Numbers don’t always tell us what we want to know, but they often tell us what we need to know.
Our society places a lot of importance on counting things. Cars, chairs, tickets, balls, doughnuts, money, stars, trees, miles, calories, students, wheels on the bus — you get the idea.
So why has the state of Michigan found it so darn hard to provide accurate counts of people infected with COVID-19 in long-term care facilities and nursing homes?
It seems like a somewhat simple task. The facilities we’re talking about have finite numbers of residents. And they’ve been commanded to adhere to regular testing protocols for monitoring and preventing the spread of COVID-19 in the vulnerable adults for whom they care.
Yet, somehow the tracking conducted by the Michigan Department of Health and Human Services looks like a stock market chart that rises and falls from day to day, depending upon who’s counting.
Worse, a Record-Eagle tracking of the state’s “dashboard” found the numbers sometimes linger for long periods without being updated. That’s despite state overseers’ pledge to provide new statistics each business day.
Lawmakers, family members, and this editorial board for months have repeatedly called on state officials to provide accurate counts. That’s why the continued lack of consistent, accurate numbers from state agencies that regulate such facilities is so concerning.
Do those in charge of overseeing and licensing nursing homes and care facilities really know what’s going on inside the places that carry their stamp of approval?
We fear the floppy data betrays deeper systemic flaws in the oversight mechanisms constructed to keep our most vulnerable adults safe. We worry the oversight system tasked with keeping residents at nursing homes and long-term care facilities well is as shot-through with flaws as the one Record-Eagle reporters found situated over the state’s adult foster care system.
In the case of AFC homes, Record-Eagle reporters uncovered a regulatory mechanism rife with overwhelmed inspectors who can’t possibly provide meaningful checks. A system that, at best, could be called reactive. A system that lets problems fester out of control before taking action to preserve the wellbeing of vulnerable adults.

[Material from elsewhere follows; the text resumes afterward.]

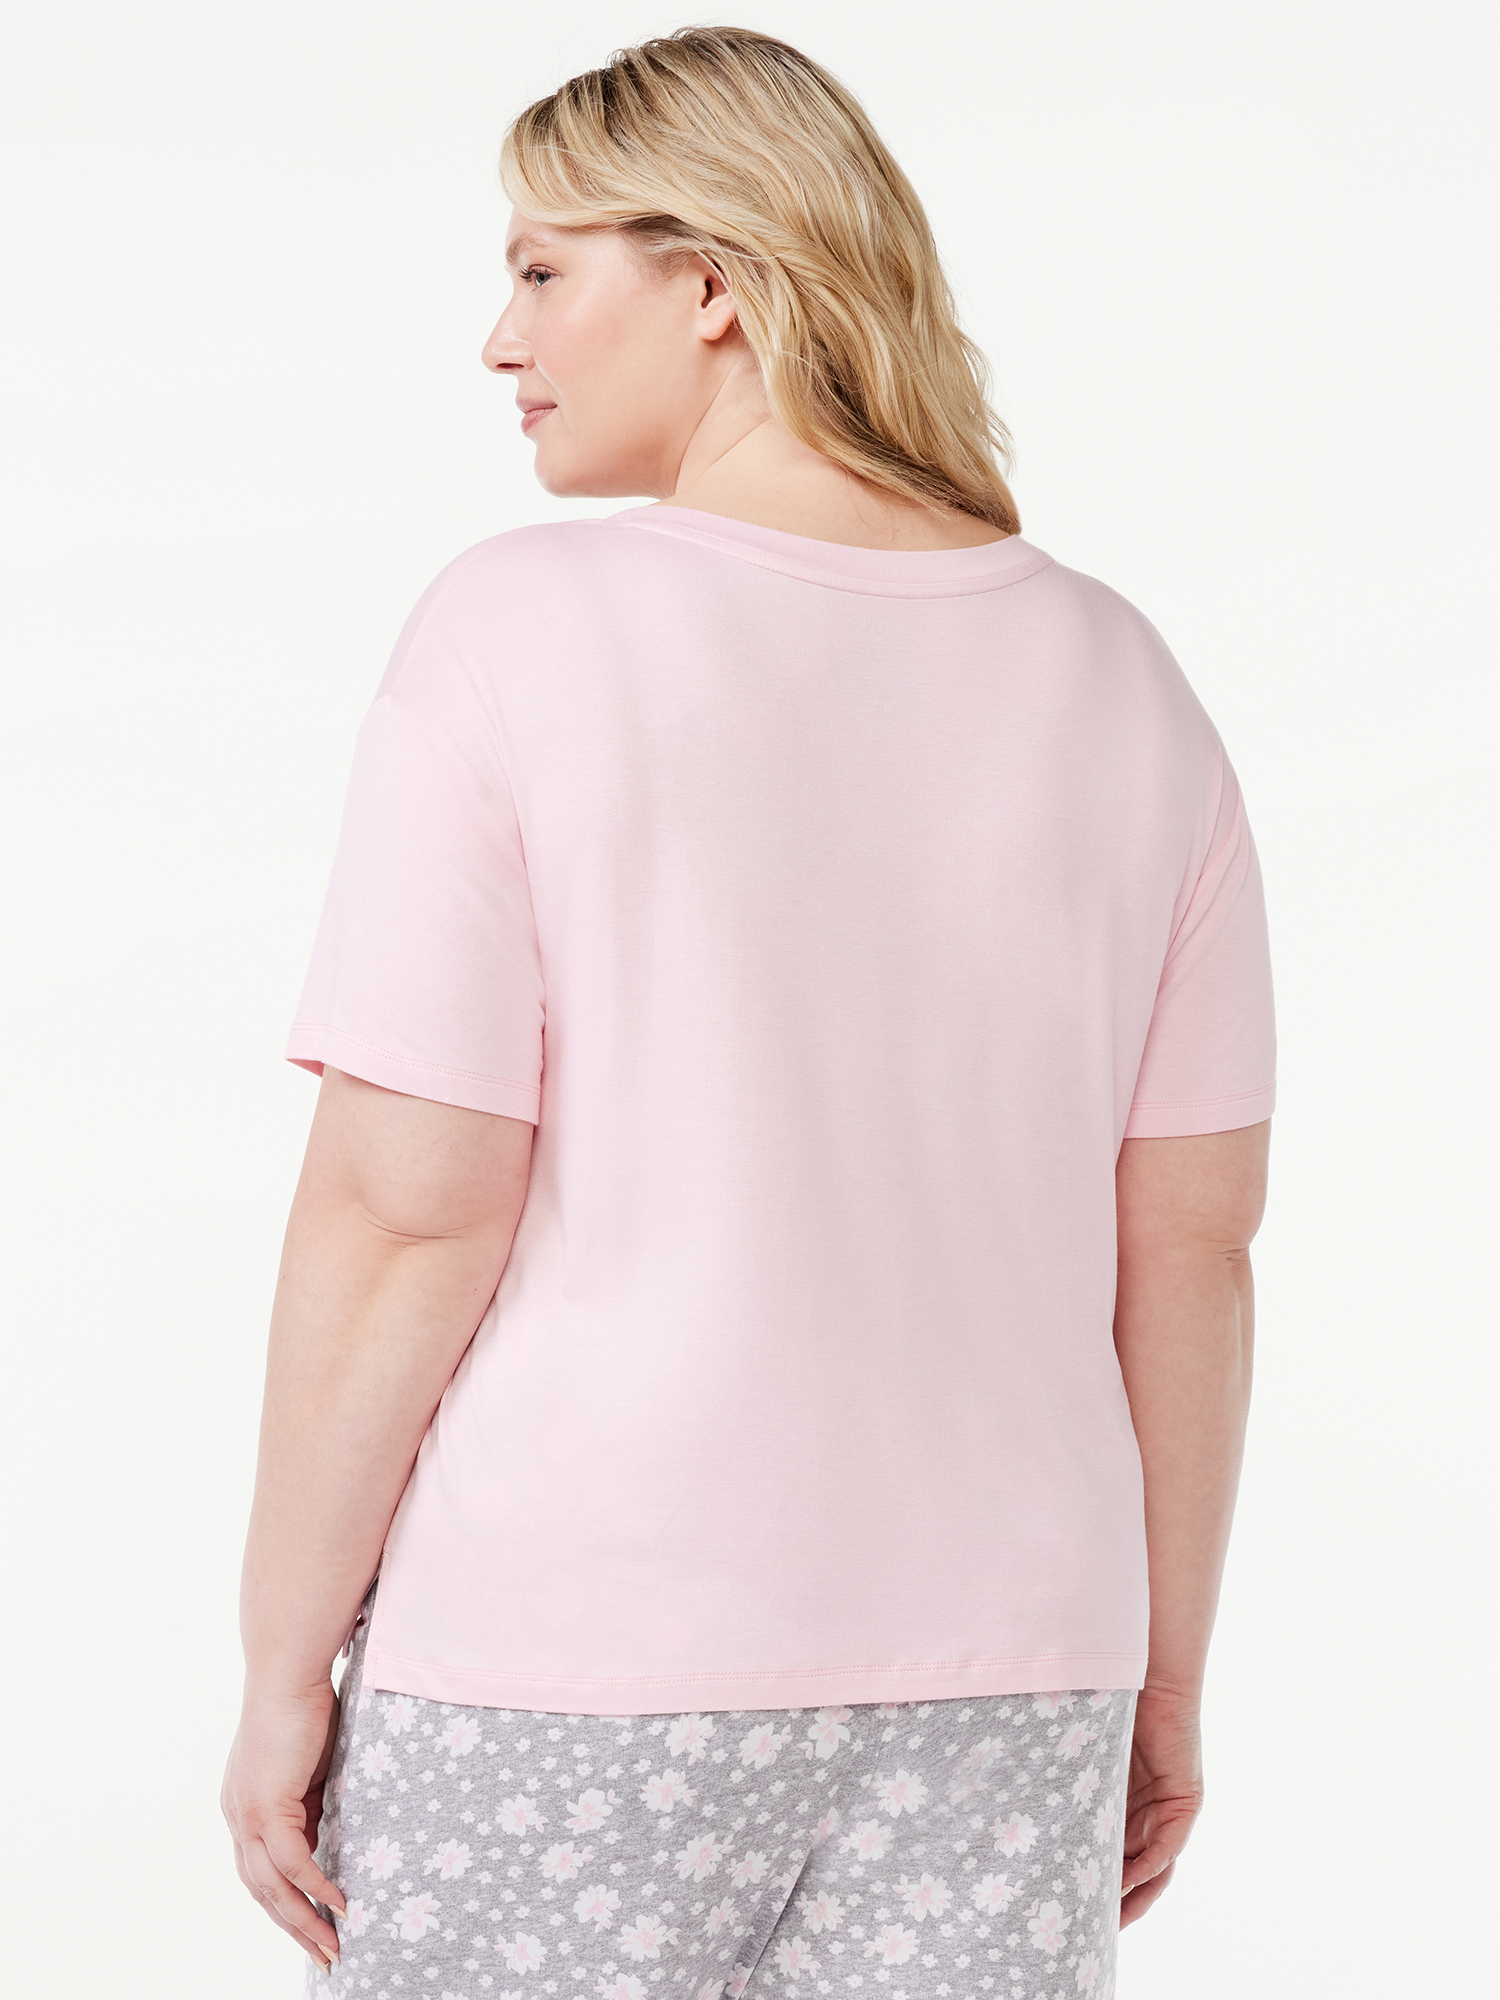 Joyspun Women's V-Neck Sleep T-Shirt, Sizes S to 3X - image 4 of 5
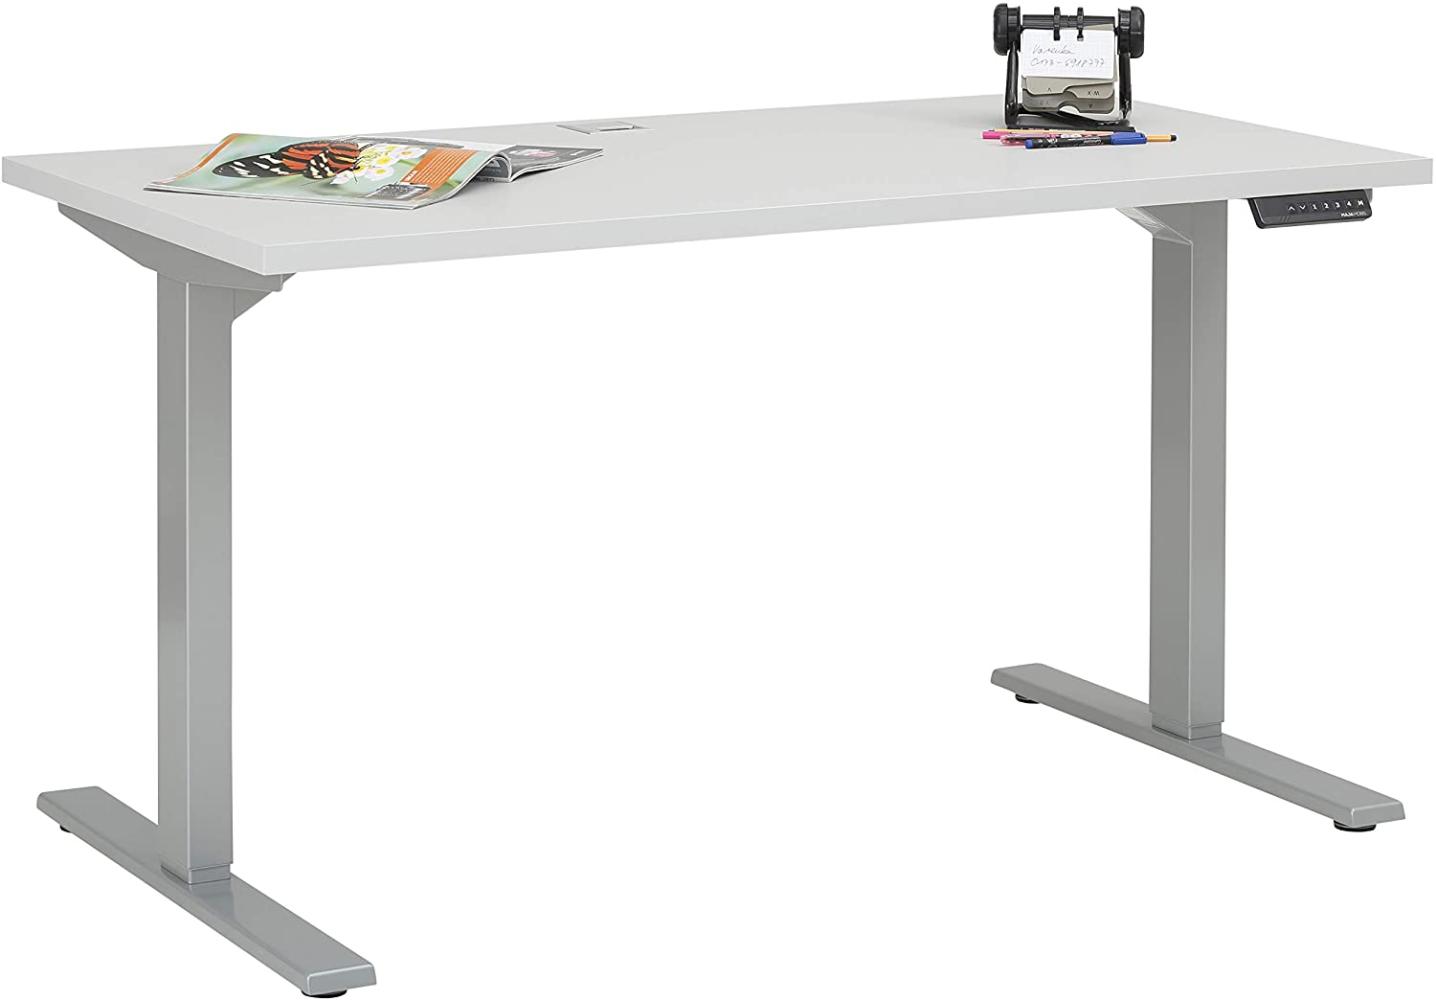 MAJA Möbel eDJUST Schreibtisch, Holzwerkstoff, melaminharzbeschichtet, Metall platingrau-platingrau, ca. 135x120x68 cm Bild 1

Maybe that’s why we’re suspicious of what we aren’t being told by state officials about what they’re doing — or not doing — to keep COVID-19 from running wild through our state’s most vulnerable population. What we know about the things state officials didn’t want us to know is more than enough to confirm our fears.
Weeks ago, Record-Eagle reporters, through records produced in response to a Freedom of Information Act request, discovered MDHHS officials worked to keep their ill-conceived regional COVID-19 “hub” system under wraps. That scheme — one that defies common sense — called for paid bonuses and premiums to a number of nursing care facilities that volunteered to house COVID-19 patients who are well enough to leave hospitals, but can’t go home.
Now, four months later, our reporters learned MDHHS has commenced a quiet dismantling of that network that effectively paid a premium to move people infected with the pandemic disease into close proximity to those who statistics show are most likely to die if they become infected.
It seems unfathomable that agencies constructed to provide oversight of nursing homes and care facilities couldn’t — nearly six months after the first cases were detected in Michigan — provide accurate, consistent and updated counts of COVID-19 infections.
The numbers state officials seem incapable of providing don’t tell us what we want to know about the pandemic’s impact on our most vulnerable friends, family and neighbors.
But their absence tells us what we need to know about the system we rely upon to protect them.